Either way, I felt a small wave of regret wash over me. It was the classic issue of “if a tree falls in a forest and no one is around to hear it, does it make a sound?” It was as if there was no physical record of what I had done on that day, then I had done nothing at all.
As today’s modern society is rapidly increasing, we are forced to adapt to the fast pace of everyday life. The speed at which life seems to be moving causes the days to blend and mush together, like a variety of colors that eventually become colorless slop. There stems our desire to document everything, to capture it all into a little image on our phones — and regret if we don’t.
I’ve noticed that sometimes at large get-togethers with friends, there tends to be an allotted amount of time devoted just to photo-taking. Time dedicated to getting that perfect shot, that perfect angle and perfect lighting.
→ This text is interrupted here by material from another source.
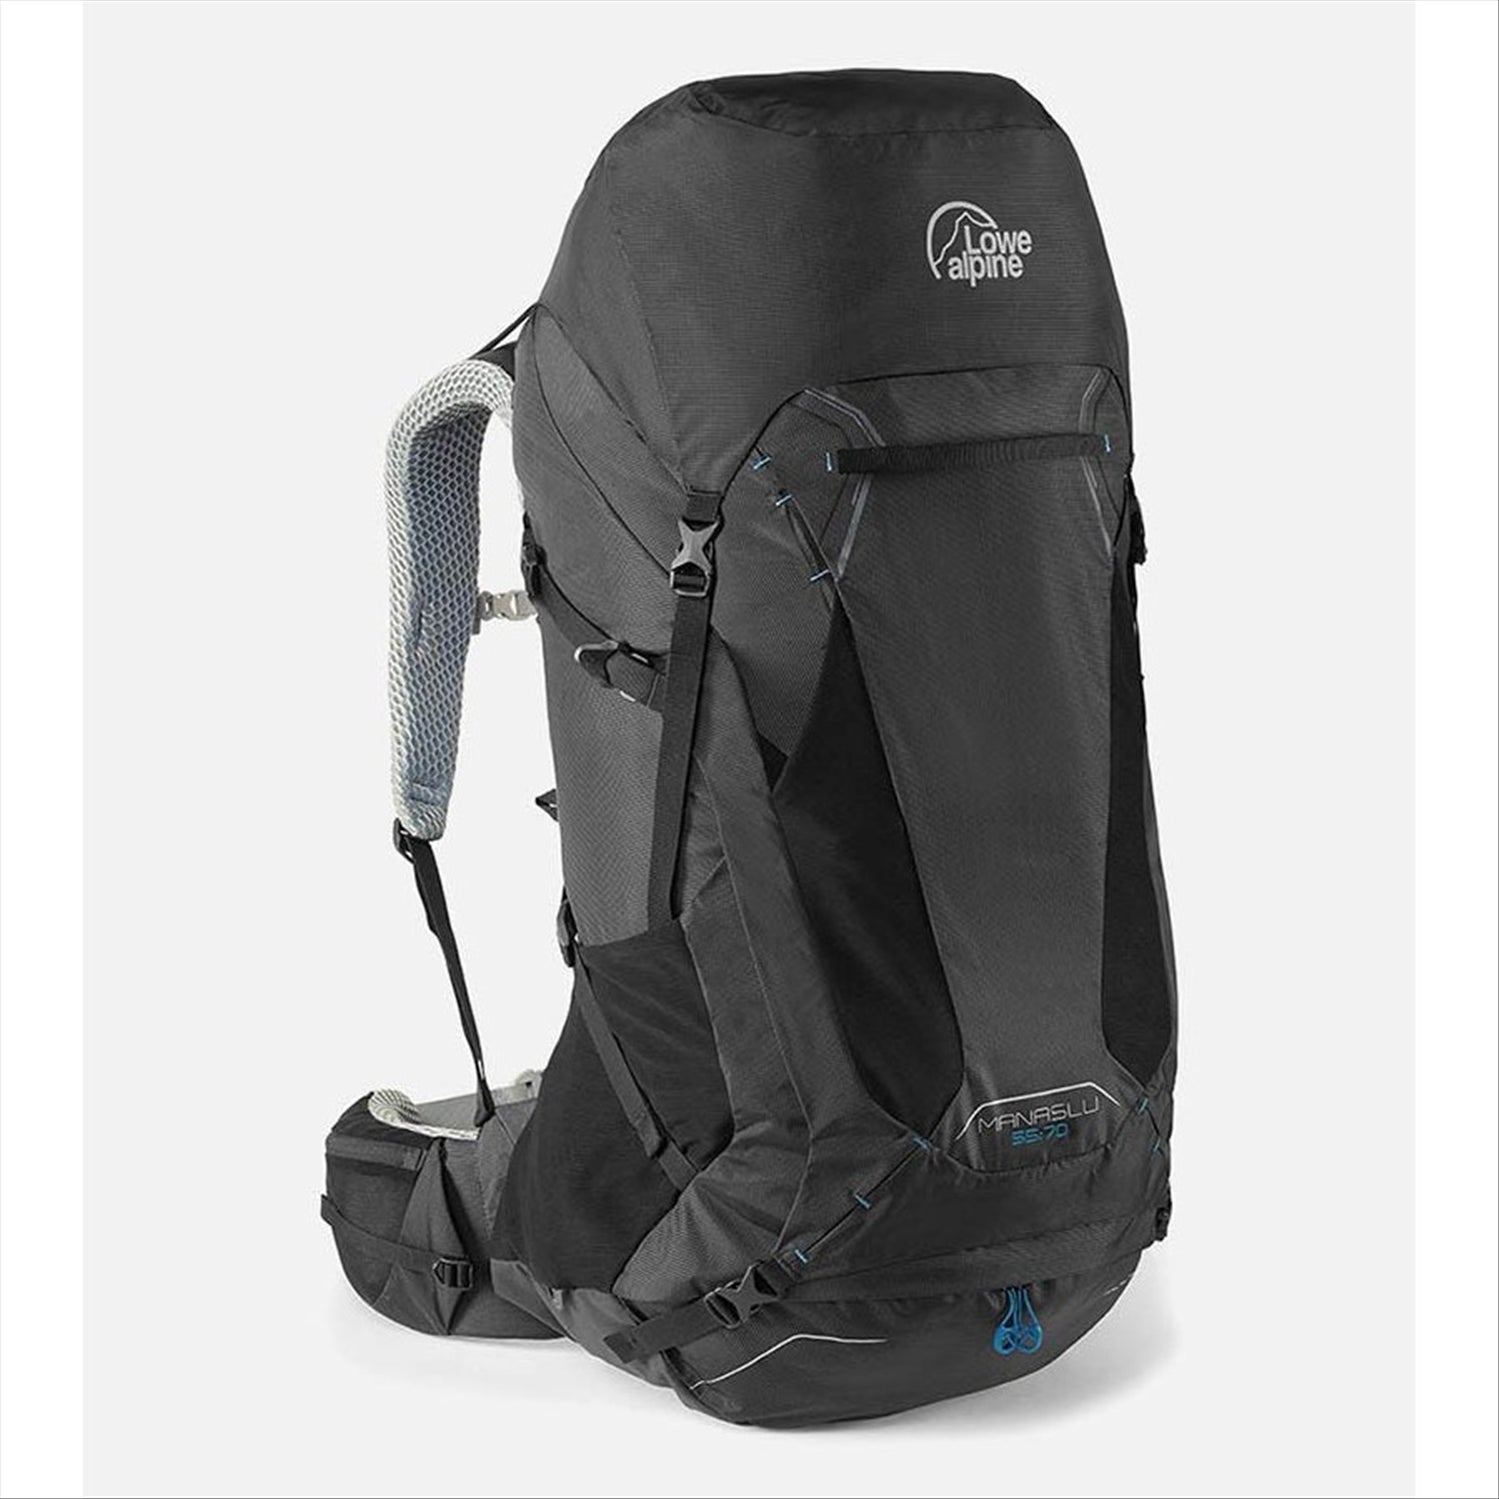 Lowe Alpine Manaslu 55:70 Litre Backpack
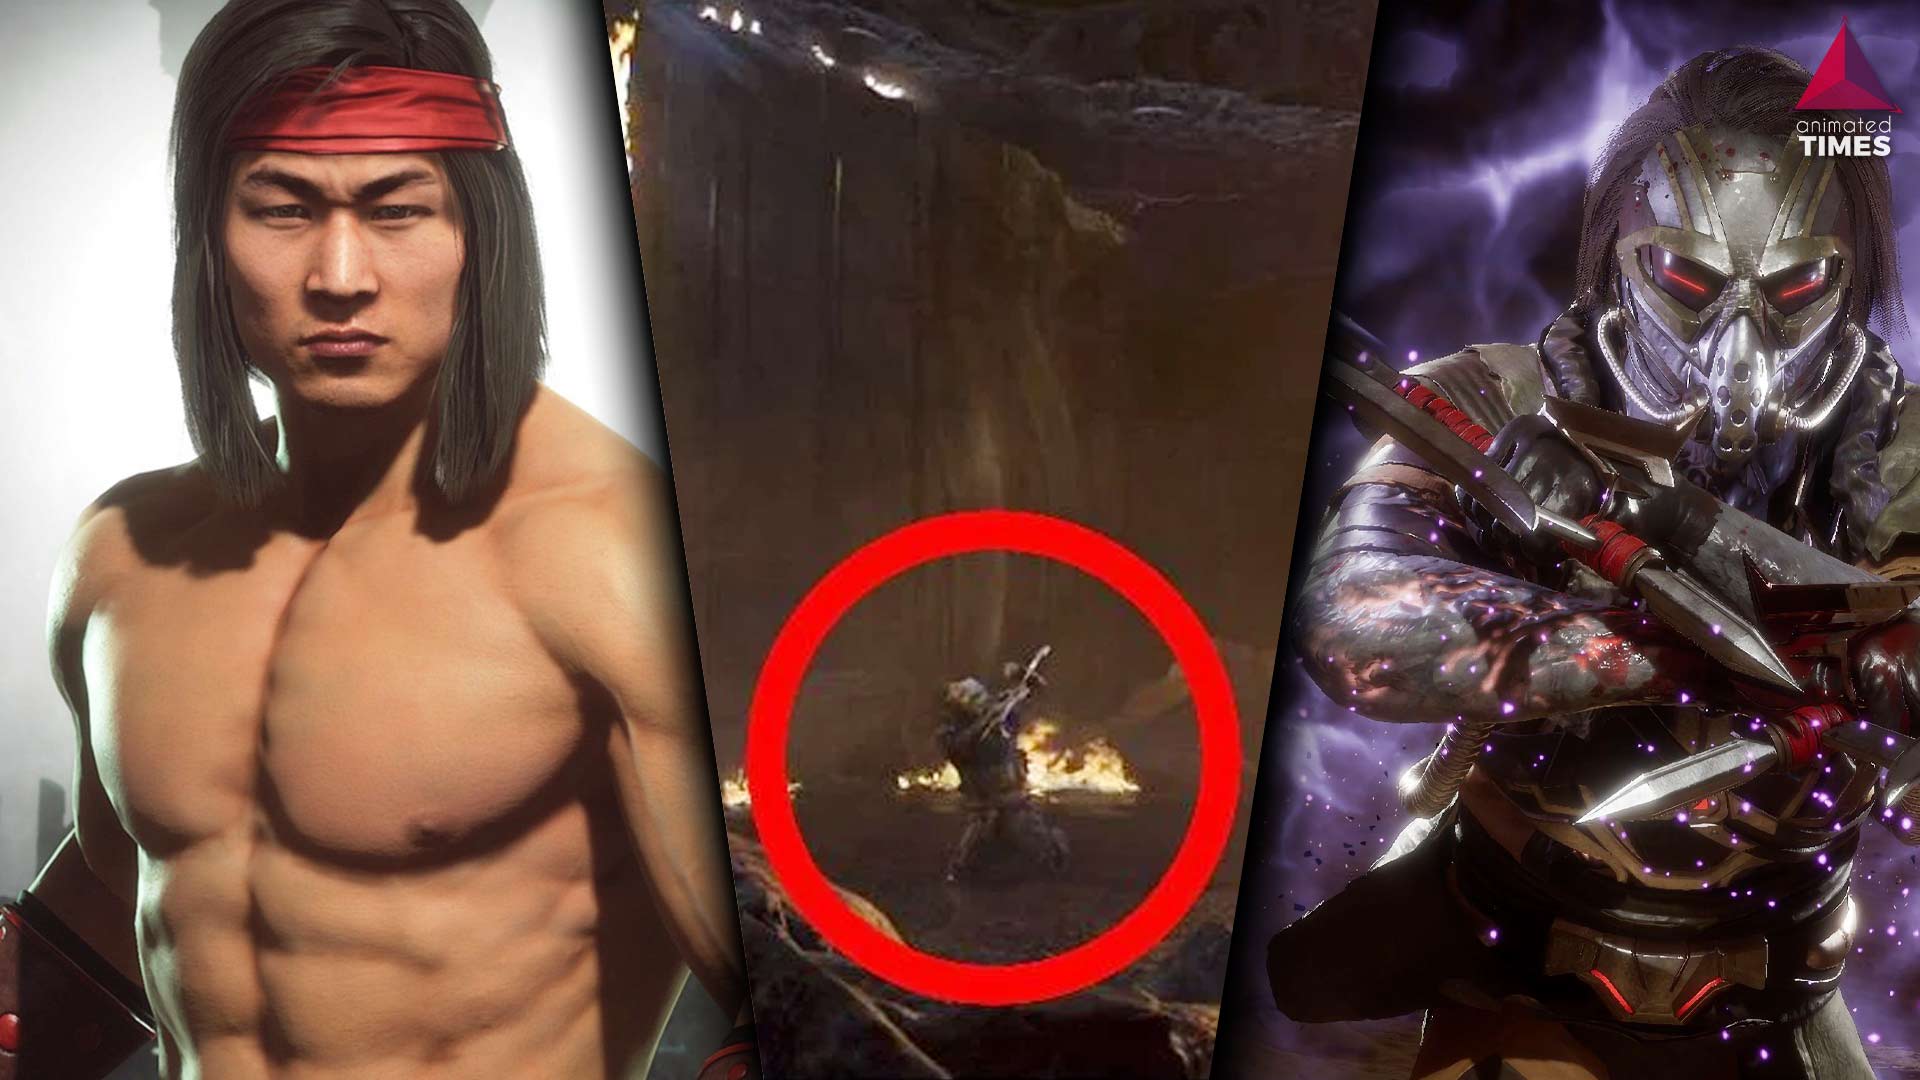 The New Mortal Kombat Trailer Reveals Liu Kang vs Kabal Fatality

Not to mention the phone etiquette at concerts. Every time I see a recording of a music artist’s performance from their latest concert or tour, I tend to notice a sea of phones — their reflective black bodies covering the entire venue — instead of human faces. I can’t even imagine how the artists themselves feel; while those phones are being held by people, it almost feels as if the artist is performing to a crowd of technology.
I’m not saying that we should stop documenting completely; taking photos when friends come over or when you attend your favorite artist’s concert is completely understandable. That’s half the fun. But I can’t help but wonder, is anyone really present? We end up spending so much time worrying about whether the camera angle looks right, if anyone’s head got cropped out, and if the pimple on our nose is noticeable, that we end up in another world completely.
We spend so much time trying to document everything that the very thing we’re trying to preserve is drifting away in real time.
So, I remind you: you don’t need to document everything. A few photos here and there are always encouraged — a reminder to keep for years to come, to look back fondly on. Documentation is part of what makes up our lives, our history, and our existence. But so is the very notion of living itself. We should never spend more time trying to capture the present when we’re already living in it.